例えば「材料費」「労務費」「経費」の代わりに「労(ろう)・操(そう)・設(せつ)・管(かん)」で実務上、管理している会社もあると思います。この区分では、「どの部門(誰=Who)が管理しているか」分りやすく、企業内のみならず、生産課題を支援する側(外部のコンサルタント)にとっても有用な区分かもしれません。対応表は下図⑫の通りです。

改めて原価計算全体における、費目別計算の位置づけをみていきましょう。まず経営資源管理の観点から「原単位」を把握したうえで、今回見てきました「①費目別計算」を(経理以外を含む)生産に関わる全部門がおこないます。そして当note記事では割愛しますが、後工程で経理部門が中心に「②部門別計算」「③製品別計算」をおこなう訳です。

では上図⑬を「お金の流れ」、つまり「勘定科目の流れ」で見ていきますと、下図⑭のようになります。

7.原価計算基準とは(基準一・二・六他)
最後に改めて補足的に会社全体の視点で原価計算を見てみますと、下図⑮のように、財務会計のサブシステムというとこが分かります。

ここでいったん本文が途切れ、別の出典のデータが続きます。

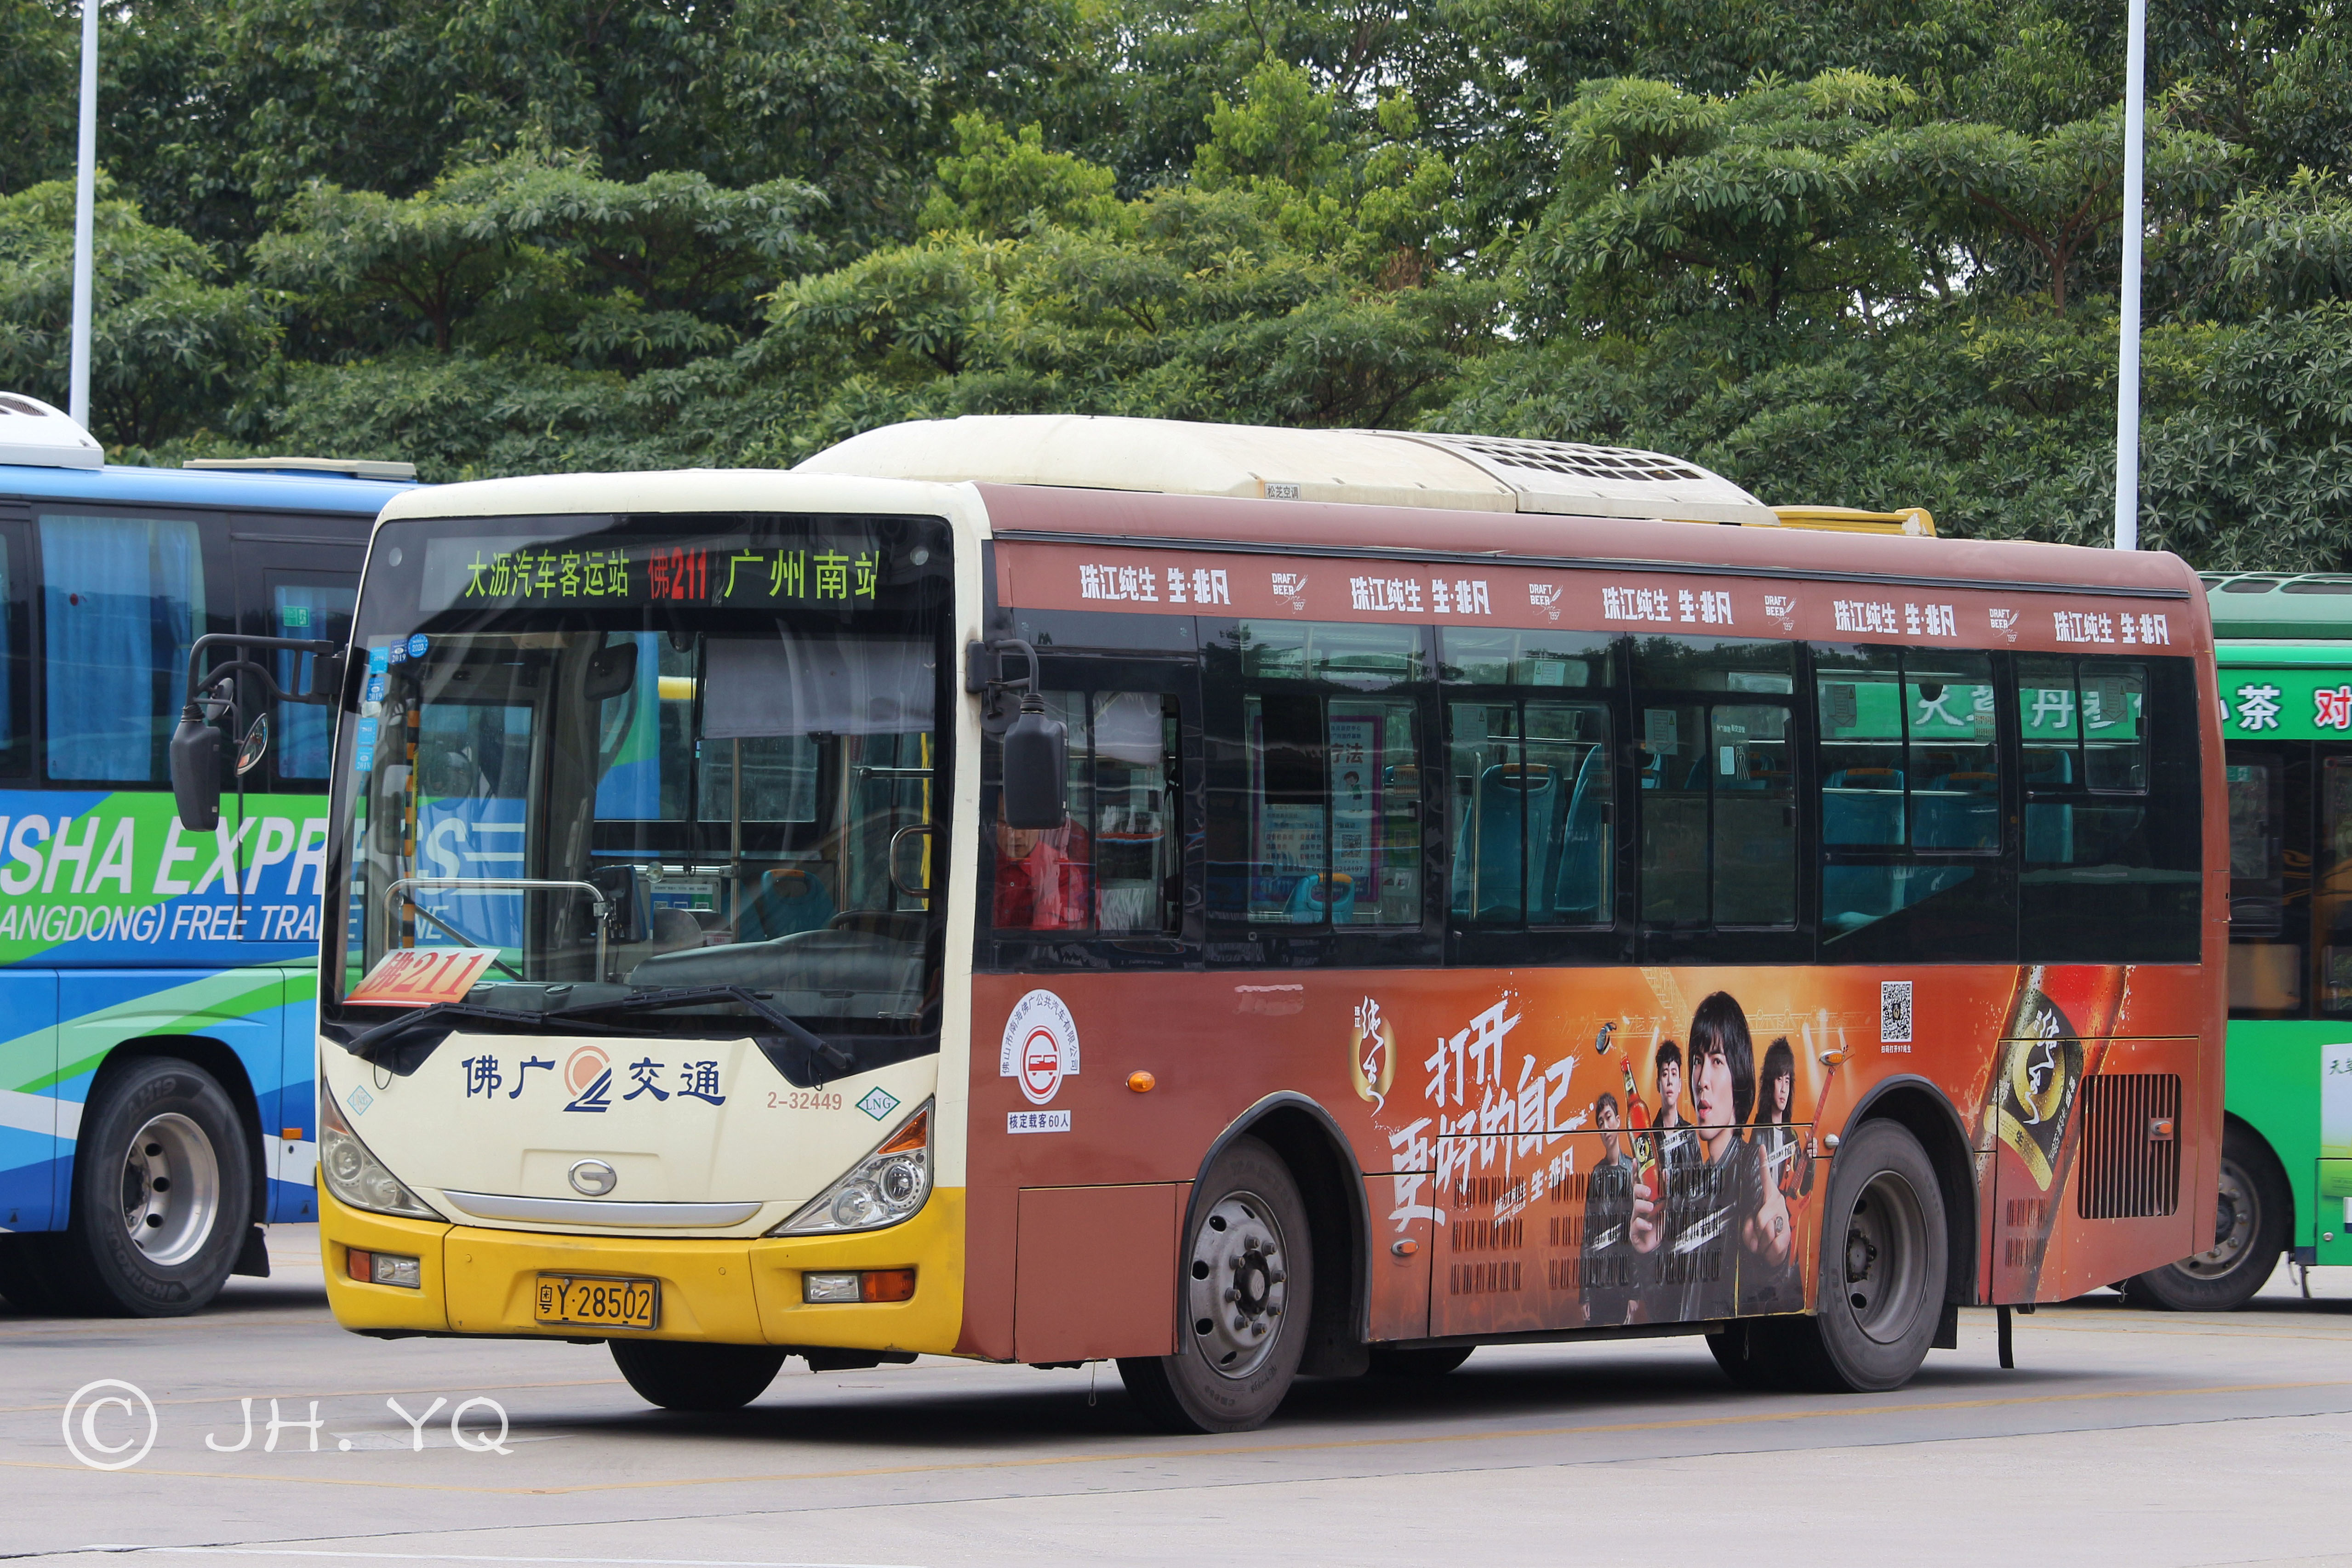 154辆恒通天然气客车将服务兰州公交 第一商用车网 cvworld.cn

こちらも今回、詳細は割愛しますが、『制度としての原価計算(基準一・二・六)』が該当部分になります。

そして原価計算基準は全47あり、冒頭にも述べましたように、制定以来、実に60年以上経った今でも、一語たりとも加筆修正されておらずまさにモノづくりの根幹ではと考えています。
以下が全体像になり、太字部分が経理部門以外でも関係してくる部分=当noteでみてきた部分になります。
0.目的・制度 (基準1、2、6)
1.費目別計算 (基準7~10、37~39)
1-1.材料費 (基準11、14)
1-2.労務費 (基準12、14)
1-3.経費 (基準13)
2.部門別計算 (基準15~18)
3.製品別計算 (基準19)
3-1.個別原価計算 (基準31~36)
3-2.総合原価計算 (基準20~29)
3-3.標準原価計算 (基準40~47)
4.直接原価計算 (基準30)
上の「2.部門別計算」以降は主に経理部門が関わってくる計算上の規定ですが、今後取り上げるかは未定。とりあえず今回は経理部門以外も関わる「1.費目別計算」を中心に紹介してきました。
このnote記事がきっかけに、読者の皆さんに再び「原価計算基準」に関心を持っていただき、「日本のモノづくりを再び元気に!」の一助になれば嬉しいです。